Por fim, uma leitura fundamental é a contribuição do Cade, elaborada em abril de 2024, chamada “Contribuição do Cade à tomada de subsídios para regulação de plataformas digitais do Ministério da Fazenda”. No documento, fica claro que o Cade defende a necessidade de uma regulação ex ante para mercados digitais, complementando a Lei 12.529/2011. O Cade também aponta que a regulação concorrencial ex ante das plataformas deve endereçar disfunções nos ecossistemas digitais que, “como falhas funcionais e distributivas que afetam a geração e apropriação de valor”, não se confundem com falhas de mercado dos setores regulados. O Cade também entende que a intervenção regulatória deve visar à promoção da concorrência por meio da diminuição de barreiras de entrada e proteção ao processo competitivo, “promovendo a contestabilidade dos mercados”.

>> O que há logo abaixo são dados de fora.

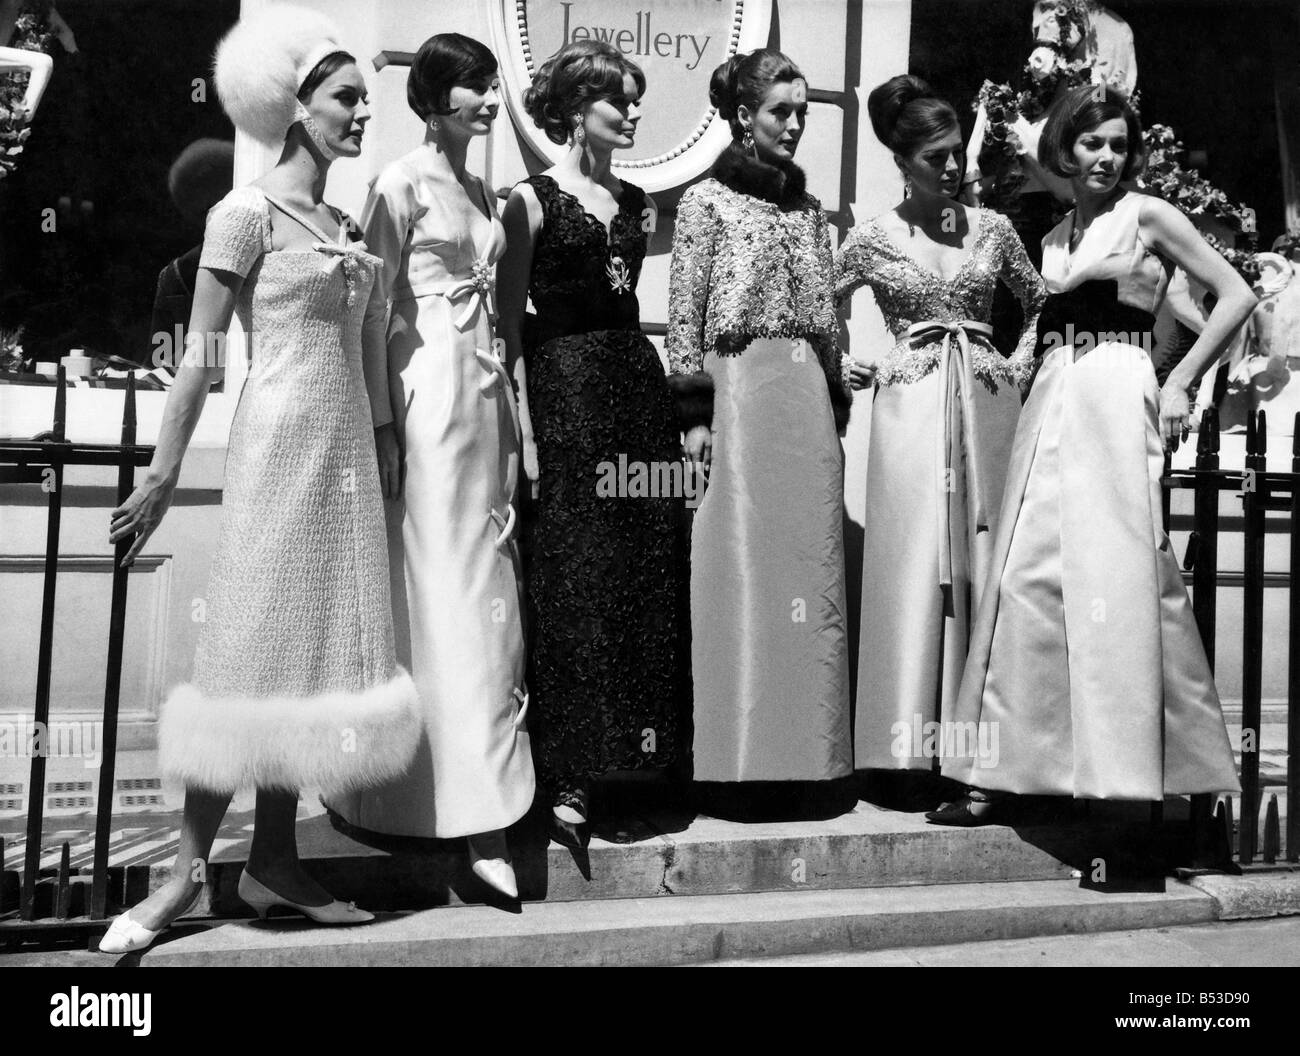 Fashion 1960s.;Women gather in a group on the steps in street. Long ...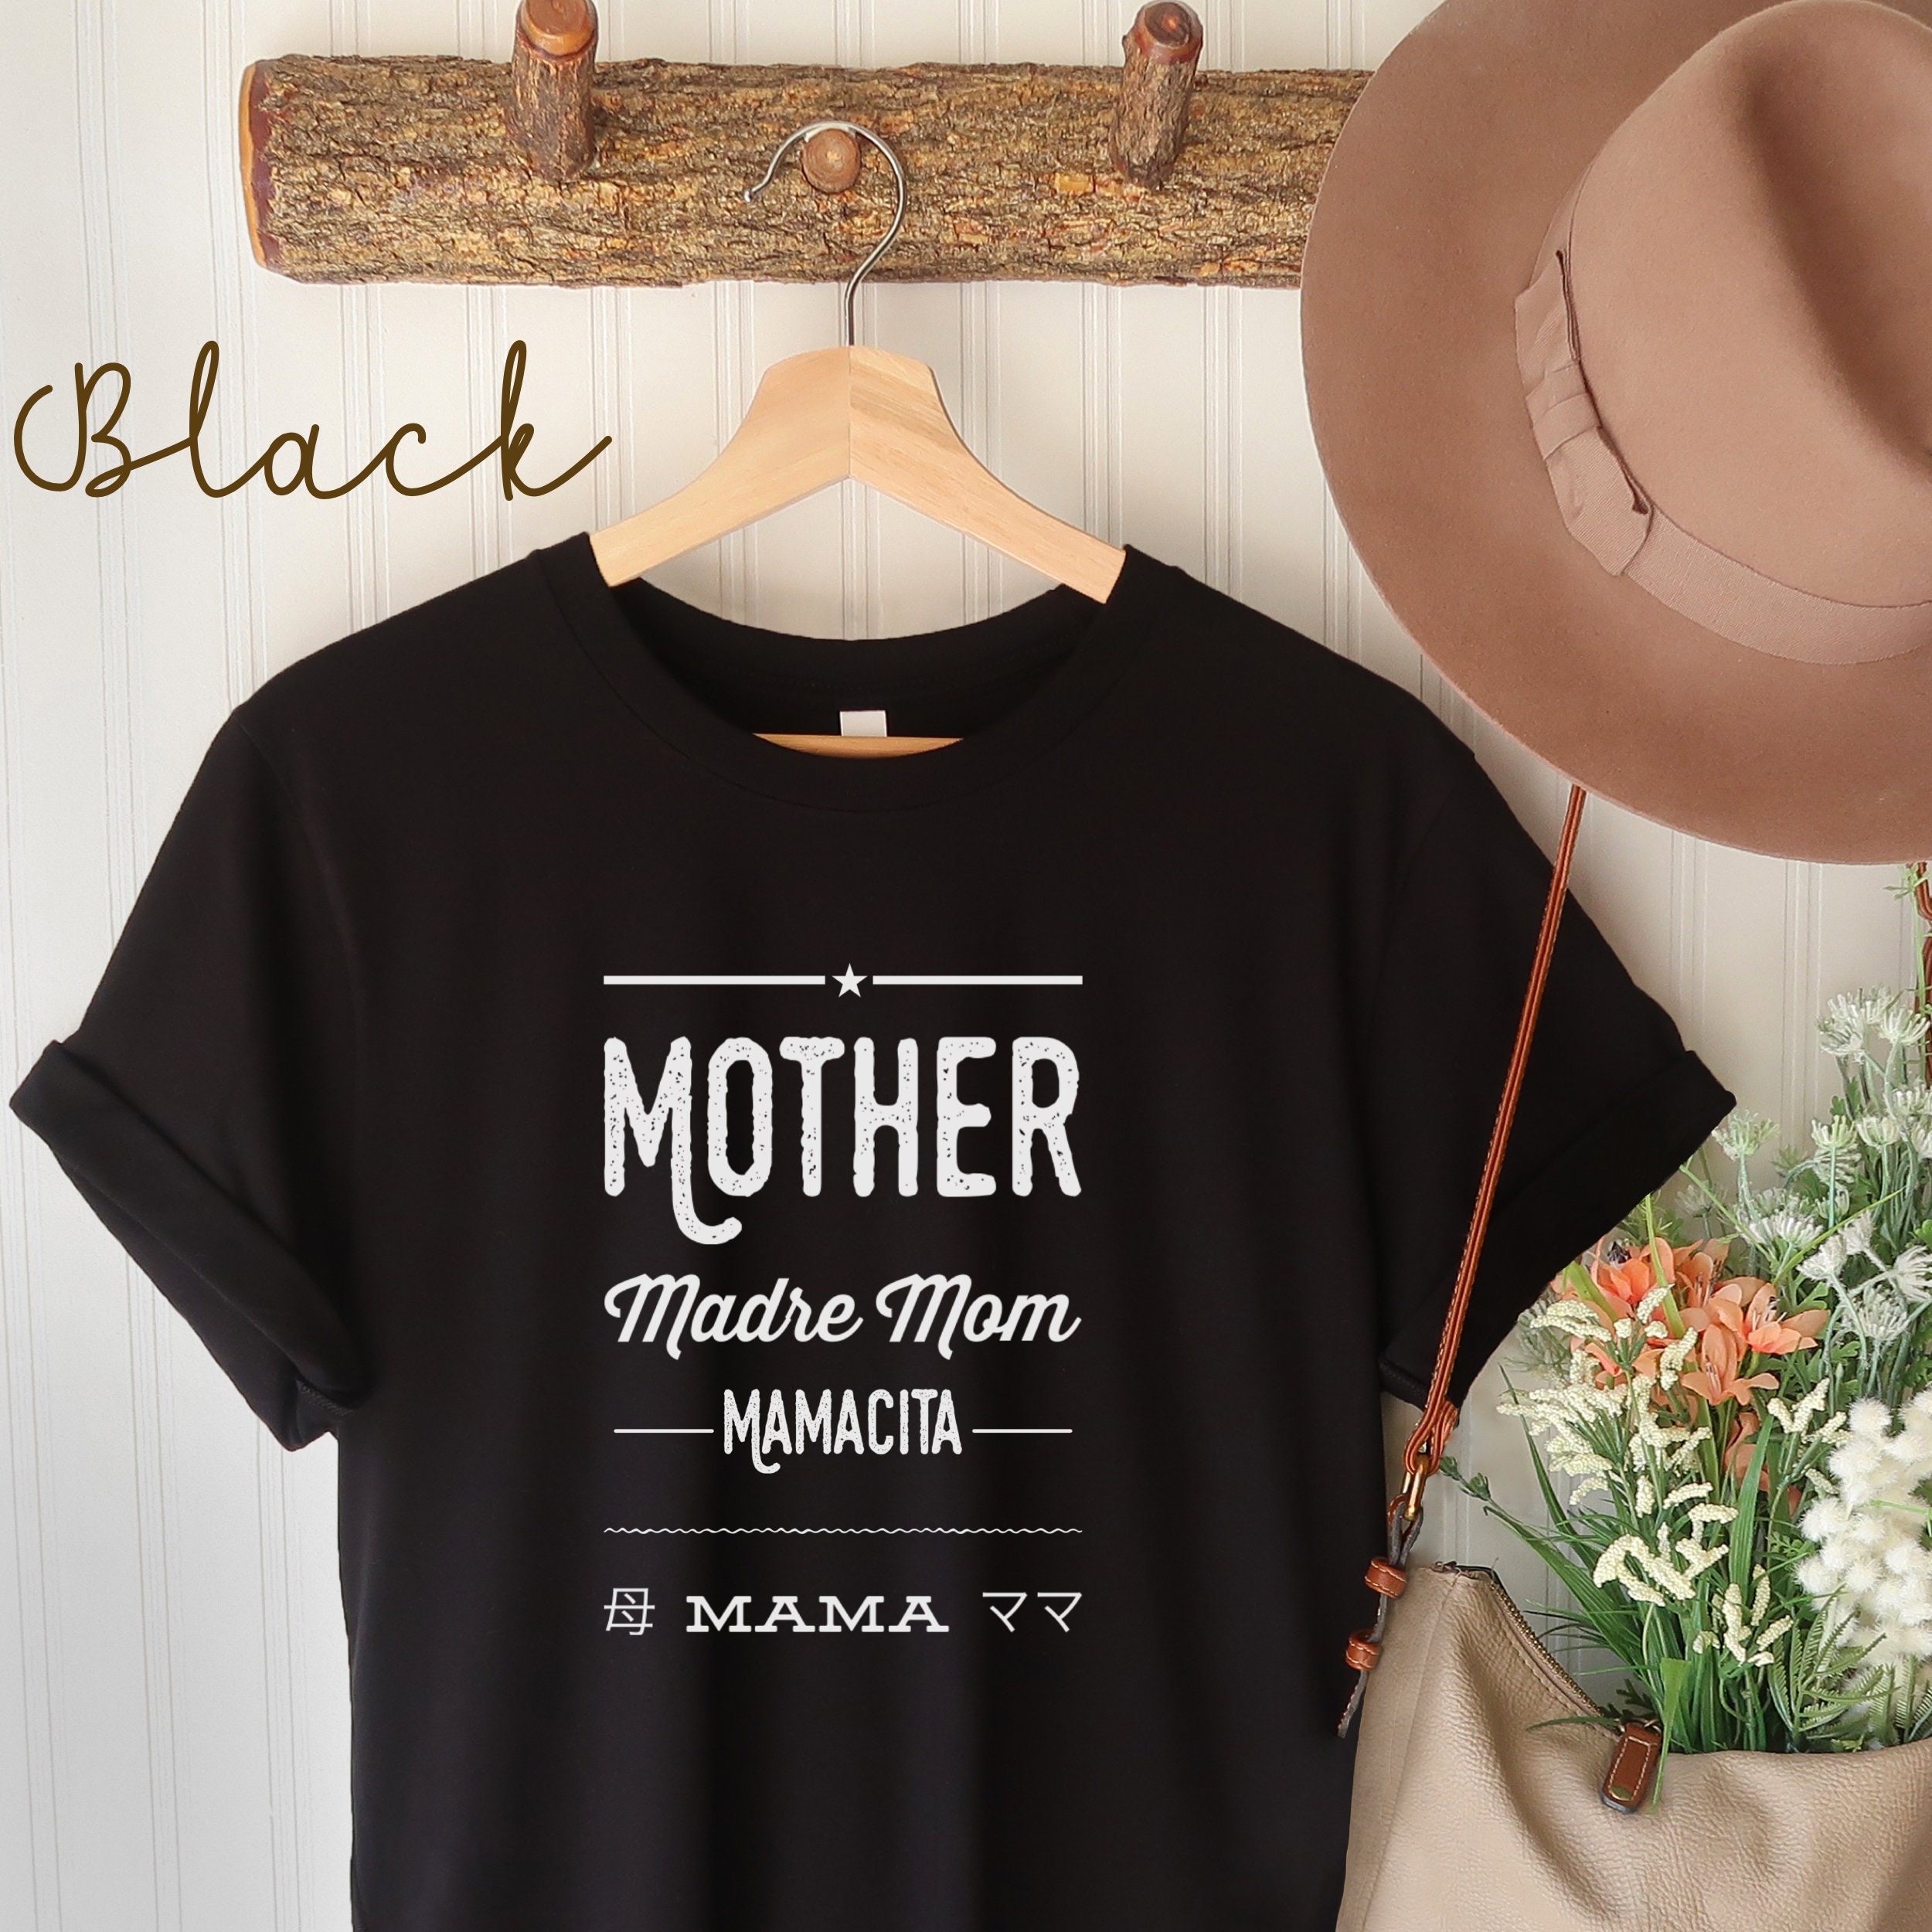 Mother Mama Madre Mom Haha Shirt/mother in | Etsy

Reforçando o diagnóstico dos vários relatórios internacionais já destacados, o Cade aponta que plataformas digitais podem ressignificar condutas abusivas convencionais, como práticas de exclusividade, vinculação a produtos e venda casada, por exemplo. A Autoridade justifica esse ponto alertando que empresas podem incluir a pré-instalação de aplicativos de determinadas empresas em sistemas operacionais móveis, a imposição de serviços de redes sociais e anúncios de e-commerce, ou uso de dados de terceiros para calibração de ofertas de produtos próprios na plataforma. O Cade também aponta que “não houve até o momento nenhuma avaliação institucional dos potenciais limites e possibilidades de aplicação da Lei 12.529/2011 aos mercados digitais”, devendo existir uma Análise de Impacto Regulatório (AIR) abrangente e tecnicamente embasada.